CHAPTER XI.
TO THE RESCUE.

The sensations of Frank Reade, Jr., and the trapper, Beaver Bill, was of a fearful sort when they found themselves surrounded by the outlaws.

It was the Mexican, Castrello, who stood before them.

There was no use in offering resistance.

They would have only been shot down in cold blood for it.

Frank Reade, Jr., realized this, and he was wise enough to keep perfectly quiet.

“We’re in for it, Bill,” he whispered. “But never mind. Keep up a good heart.”

“Wall, you bet.”

In the hands of the counterfeiters the position of the two captured spies was not of the most reassuring.

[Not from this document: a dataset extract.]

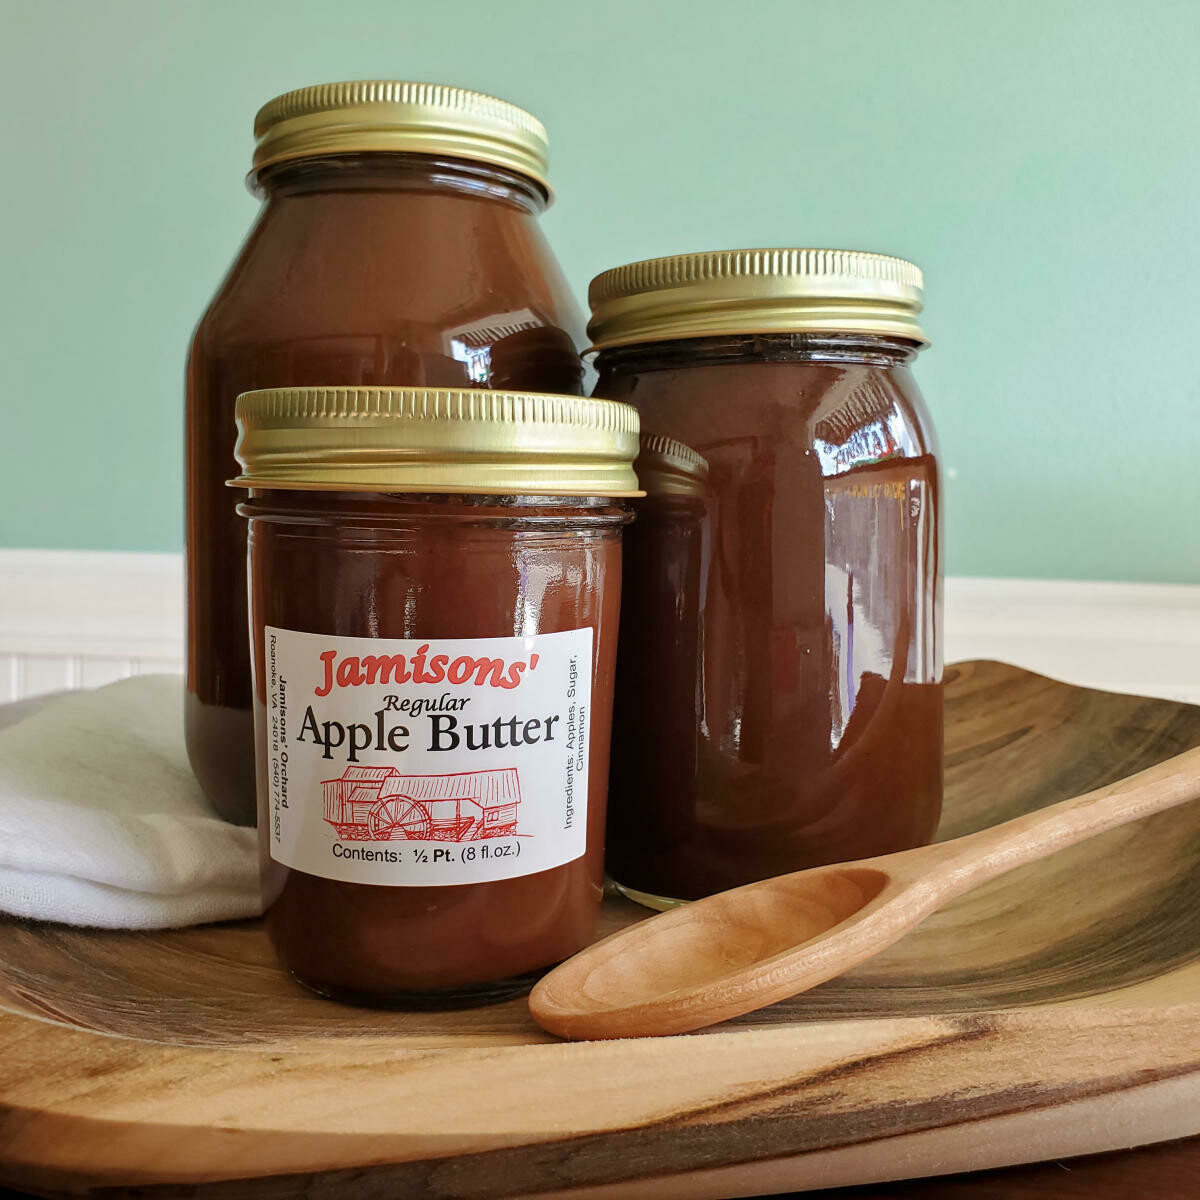 Jamisons' Homemade Regular Apple Butter

Death, of course, was the fate of spies, and Frank reflected that the counterfeiters had no reason for sparing them.

“Hard luck!” groaned Frank. “We are done for, Bill!”

“Wall, I reckon,” agreed the big trapper, “we kain’t die but once.”

“There is consolation in that thought,” declared Frank.

Castrello seemed beside himself with joy at the capture. He had the two captives securely bound hand and foot.

Then he said:

“Perdito! take them into the strong house. See to it that they do not escape!”

“Si, senor!” replied one of the men, who appeared to be a Spaniard.

The two captives were led to a door in the stone house.

It was evident that the upper end of the house was used for such purposes as this.

There was not a sign of a window anywhere. The door was opened and the prisoners were thrust into a small ten by twelve chamber.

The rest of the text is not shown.